In reinforcement learning (and sometimes other settings), there is a notion of “state”. Based upon the state various predictions are made such as “Which action should be taken next?” or “How much cumulative reward do I expect if I take some action from this state?” Given the importance of state, it is important to examine the meaning. There are actually several distinct options and it turns out the definition variation is very important in motivating different pieces of work.
- Newtonian State. State is the physical pose of the world. Under this definition, there are very many states, often too many for explicit representation. This is also the definition typically used in games.
- Abstracted State. State is an abstracted physical state of the world. “Is the door open or closed?” “Are you in room A or not?” The number of states is much smaller here. A basic issue here is: “How do you compute the state from observations?”
- Mathematical State. State is a sufficient statistic of observations for making necessary predictions.
- Internal State. State is the internal belief/understanding/etc… which changes an agent’s actions in different circumstances. A natural question is: “How do you learn a state?” This is like the mathematical version of state, except that portions of the statistic which can not be learned are irrelevant.

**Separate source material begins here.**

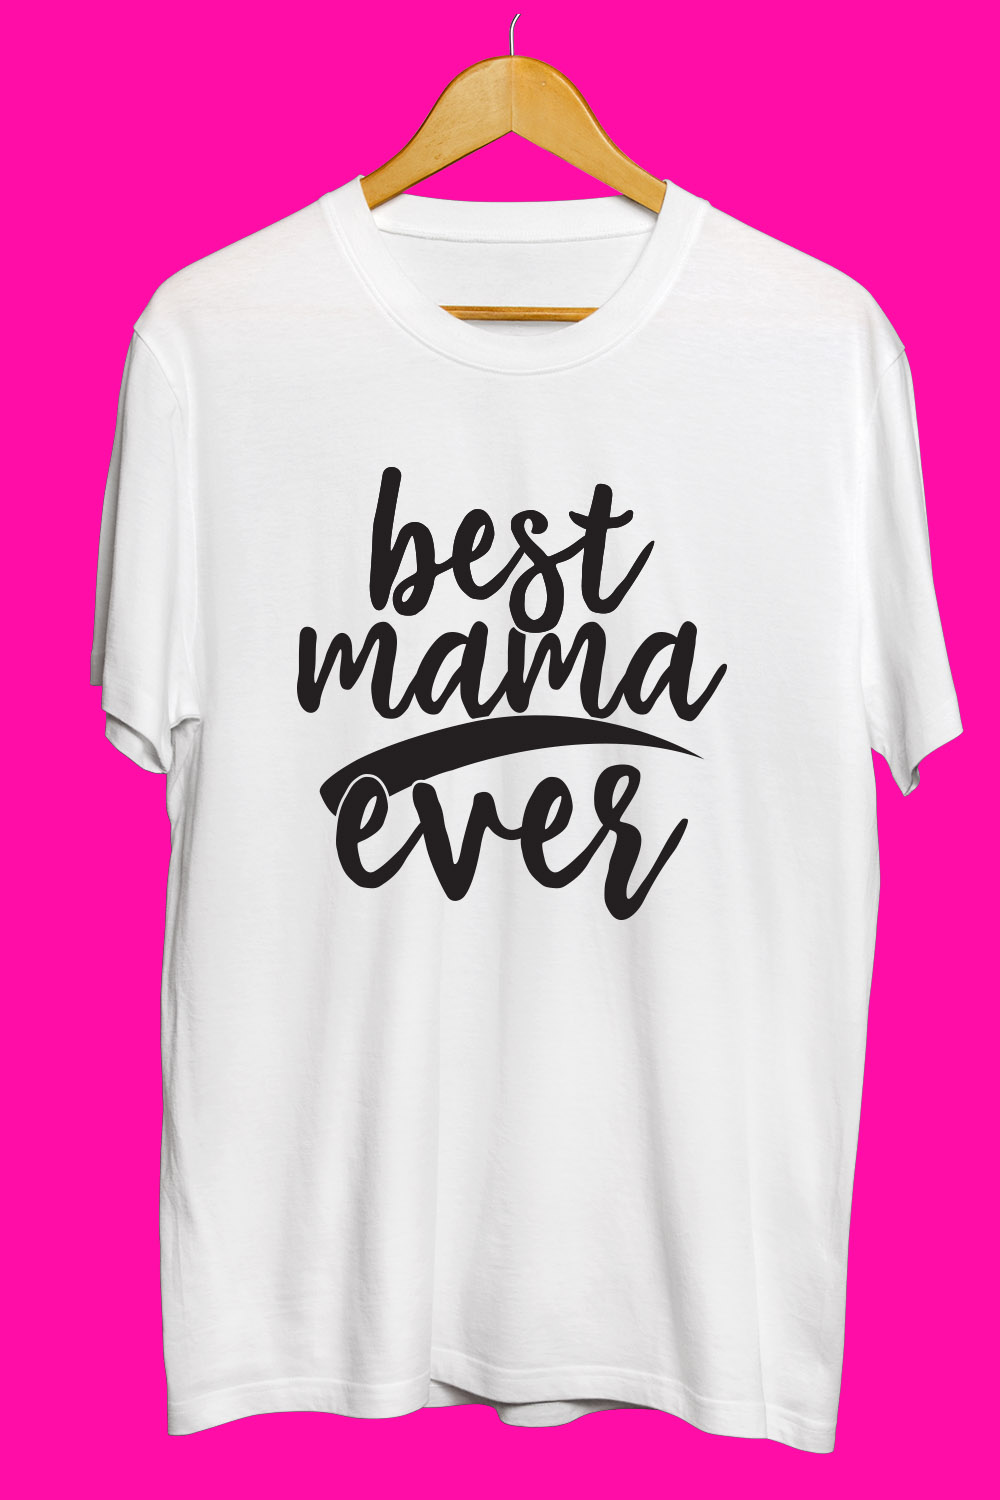 Mama T Shirt Designs Bundle pinterest preview image.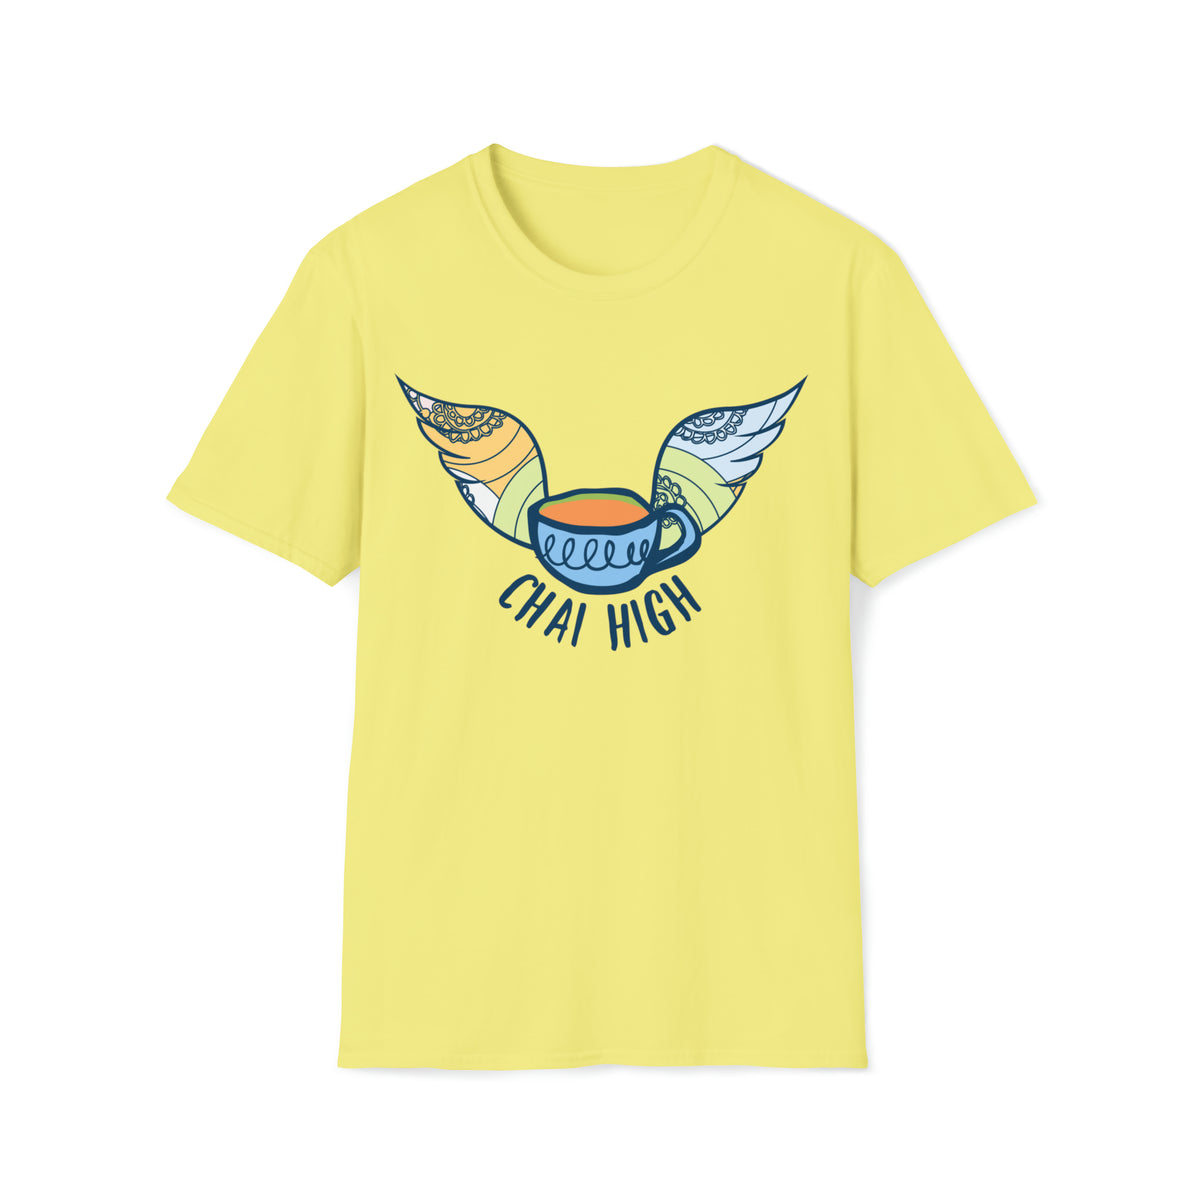 Chai High Chai Tea Shirt | Chai Tea Lover Shirt |  Tea Lover Gift | Unisex Soft Style T-shirt

- There are no states. There are only observations (one of which might be a reward) and actions. This is more reasonable than it might sound because state is a derived quantity and the necessity of that derivation is unclear. PSRs are an example.
The different questions these notions of state motivate can have large practical consequences on the algorithms used. It is not clear yet what the “right” notion of state is—we just don’t know what works well. I am most interested in “internal state” at the moment.